Not surprisingly, Thiers disagrees. Since 1985, dermatologists have conducted more than 2.8 million free cancer checks through the organization’s public screening program, identifying more than 278,000 suspicious lesions and more than 31,500 suspected melanomas, he says. The AAD will continue to screen all comers when it’s safe to do so. “Since skin cancer, including melanoma, is highly treatable when detected early, the AAD’s free SPOT me Skin Cancer Screening Program may have helped save patients’ lives,” says Thiers. Weinstock would also expand screening, ideally, he said, by training primary care providers to do skin checks as part of routine exams.

Mazer strongly advocates for severing the financial relationships between health care providers who do the biopsies and those that examine them. That’s also a nonstarter for Thiers. In a position statement, the AAD supported the right of dermatologists to do the pathology work themselves or send it to a lab where they have a financial stake.
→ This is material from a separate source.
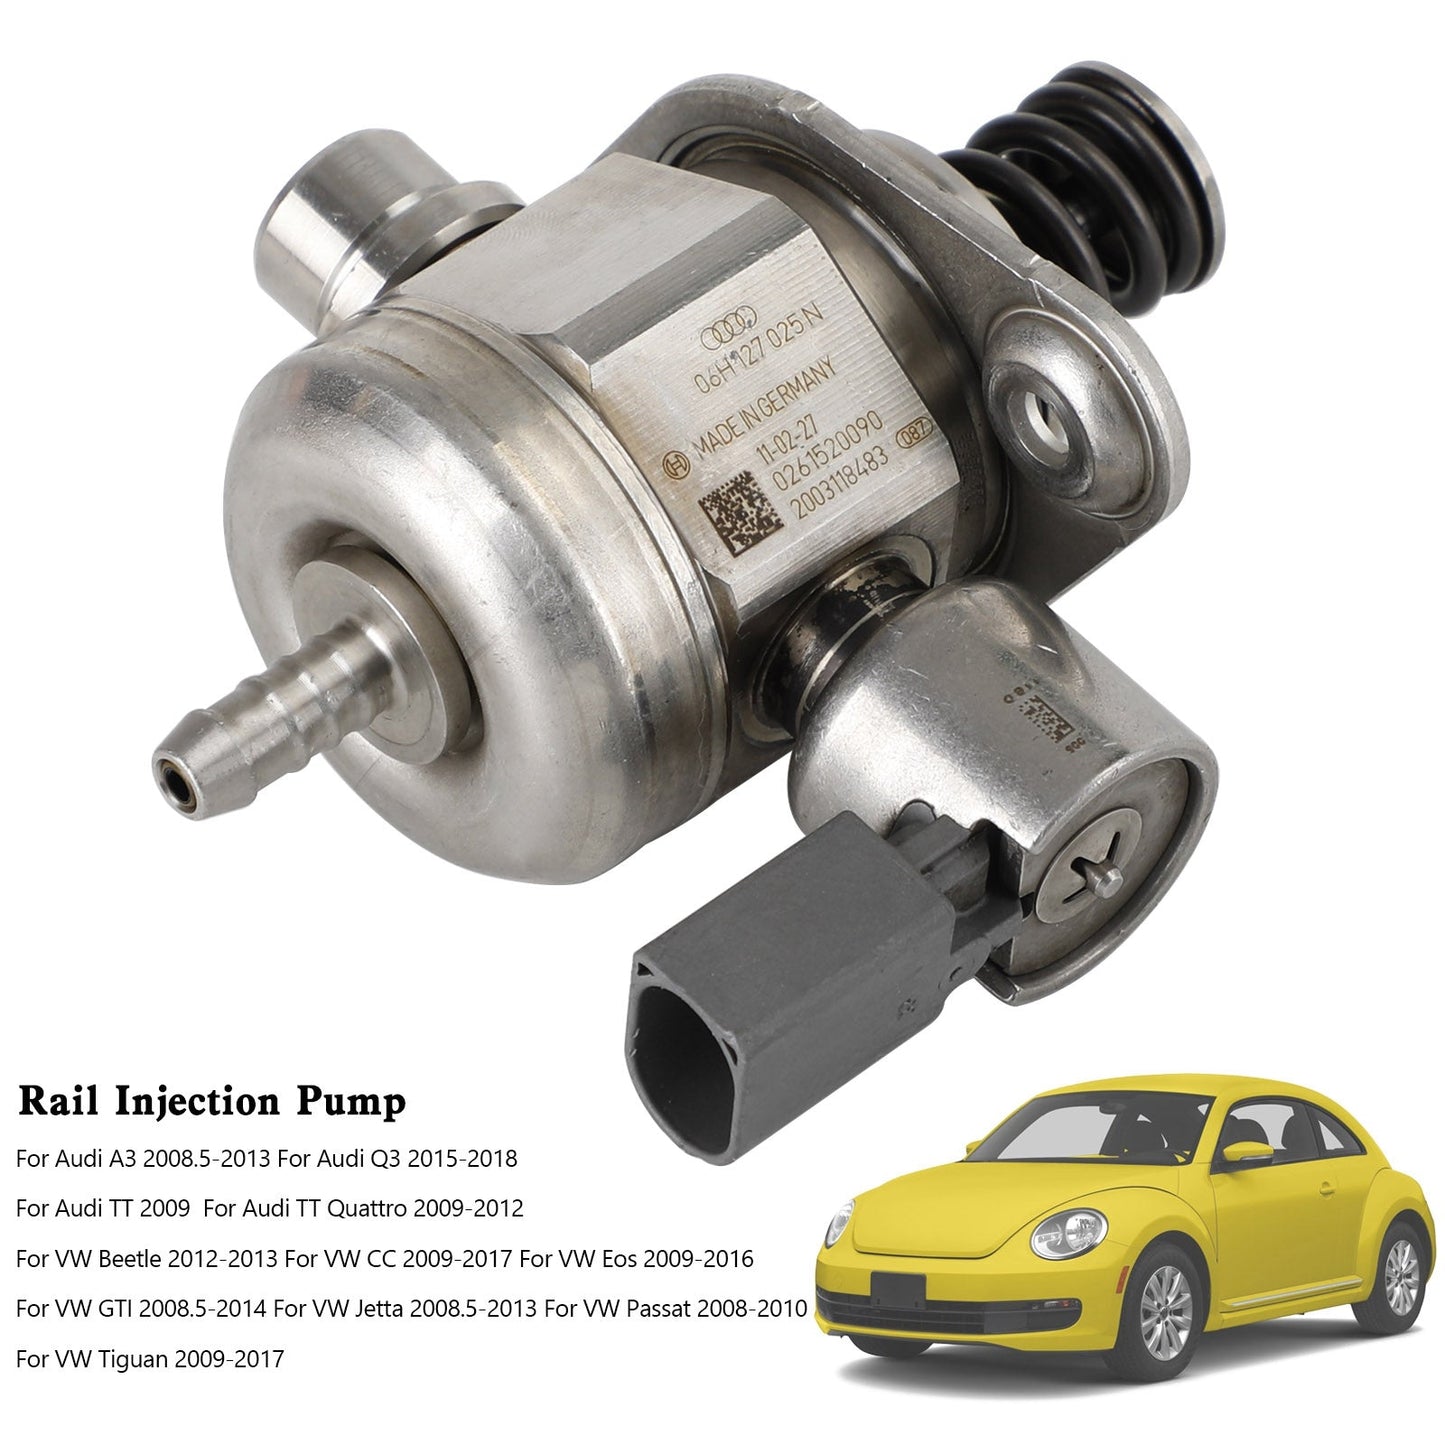 VW GTI 2008.5-2014 / VW Passat 2008-2010 High Pressure Fuel Pump 06H127025N

Some other recommendations in the New England Journal of Medicine analysis—such as limiting biopsies only to lesions larger than a pencil eraser—seem unlikely to happen in actual practice. The authors raise concern that the growing use of a lighted magnifying instrument for looking at the skin, called a dermascope, has led to more biopsies of small, harmless spots. Adamson advocates for more limited and judicious use of these devices. But Weinstock disagrees “I don’t think removing diagnostic tools from your toolbox is the answer,” he said.
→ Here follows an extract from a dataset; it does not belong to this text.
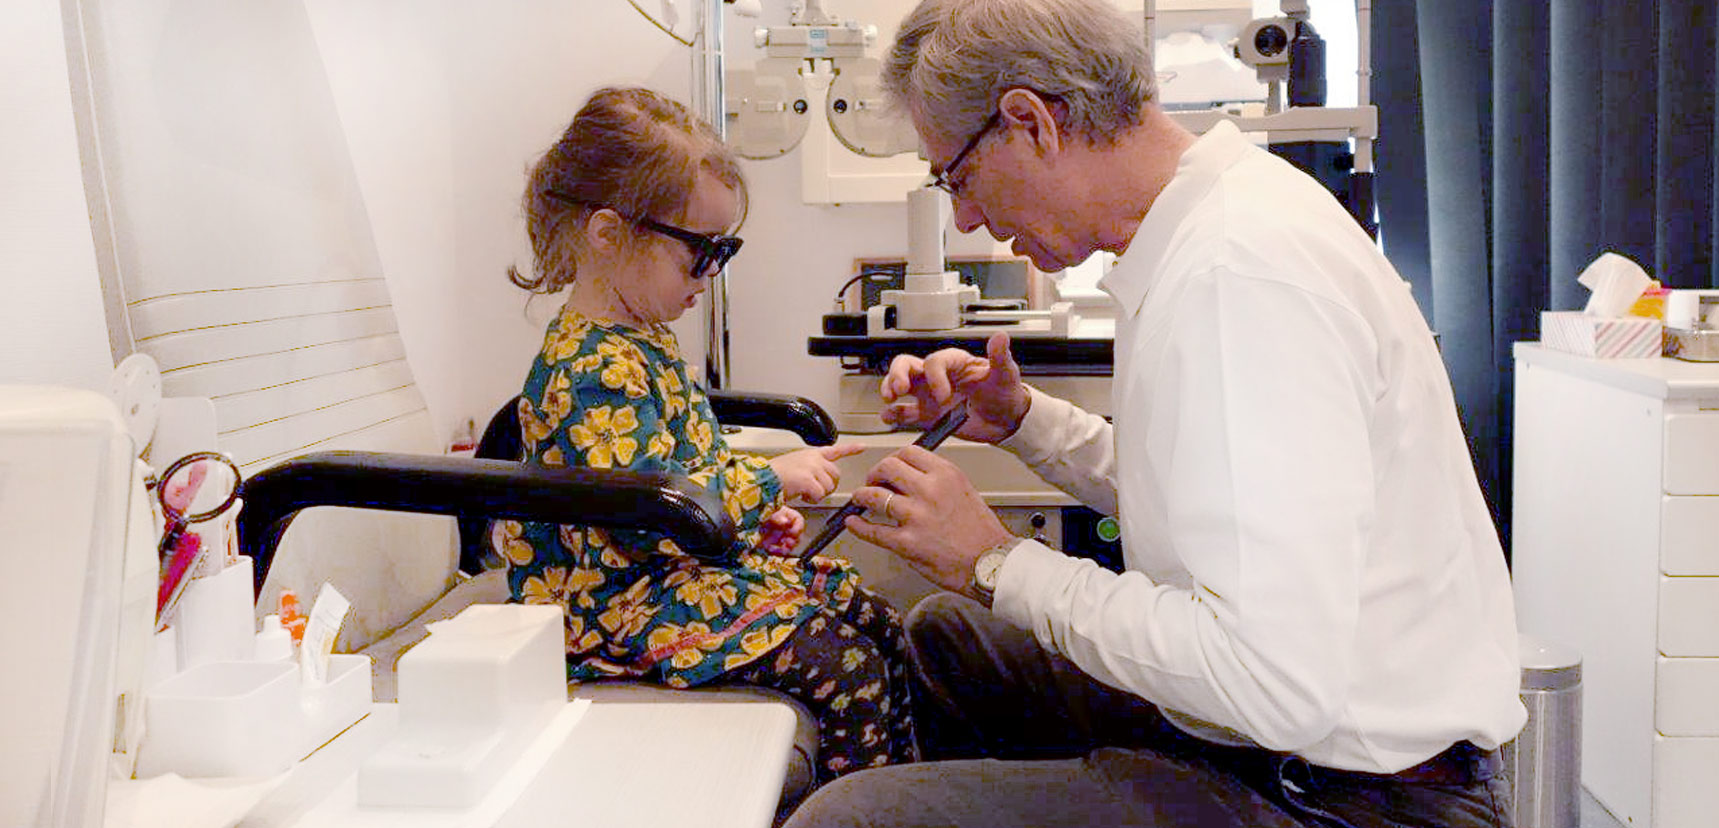 Dr. Martin Heidemann, Augenarzt im Team der Praxis Augenheilkunde am Europaplatz, Untersuchung eines Kindes

Ultimately, there’s no simple fix when you are caught up in a decades-long arms race to identify more and more cancer, says Mazer. “If one side unilaterally disarms, they are called evil, uncaring,” he explains. “You need pathologists, dermatologists, and patient groups, and government regulators and other policymakers to all be in agreement about this—to come together and say, ‘this is in our best interest’—because that’s how you get these things to change.”
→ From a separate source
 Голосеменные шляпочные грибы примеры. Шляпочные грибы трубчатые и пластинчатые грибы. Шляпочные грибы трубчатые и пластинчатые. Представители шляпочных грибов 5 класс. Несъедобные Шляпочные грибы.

The heart of the debate seems to be whether people acknowledge a downside to overdiagnosis. The harms are very real, says Adamson. To start, a cancer diagnosis can prevent you from getting life insurance or short-term health insurance. It can also change how people see themselves. Adamson says that some of his melanoma patients feel guilty because they think they caused their cancer or resign themselves to spending less time outside. “I’ve had patients tell me, ‘My quality of life has diminished,’” he says.

He also worries that the problem will worsen as the system is flooded with benign abnormalities and slow-growing cancers that are not destined to spread beyond the skin. That data is then used in studies to determine peoples’ risk, as well as to train artificial intelligence systems on what cancer is and isn’t.

Adamson acknowledges that highlighting the uncertainties surrounding melanoma could muddy public health messaging. He has sympathy, he says, for those who say “I don’t want to confuse the public, I want to exaggerate a little bit to get people to do the right thing.” But nuance is important. The assumption that time outdoors has caused a skin cancer epidemic is reflected in public health advice that everyone wear sunscreen, for example, even though, as Adamson showed in a recent JAMA Dermatology analysis, there’s very little evidence that UV exposure is linked to the disease in people with darker skin.

Given that advanced melanoma is such a devastating, intractable disease, I asked Adamson: Why focus on questions of overdiagnosis that most of his colleagues don’t appear to want answered?

“Fundamentally, I think because it’s being honest,” he says. “It’s the truth.” With answers we may be able to give people better advice, better use our health care resources, or even identify some risk factor that we’ve been missing, he adds. “We need to have some humility about what we know, we don’t know, and not trivialize risk, but also not exaggerate it.”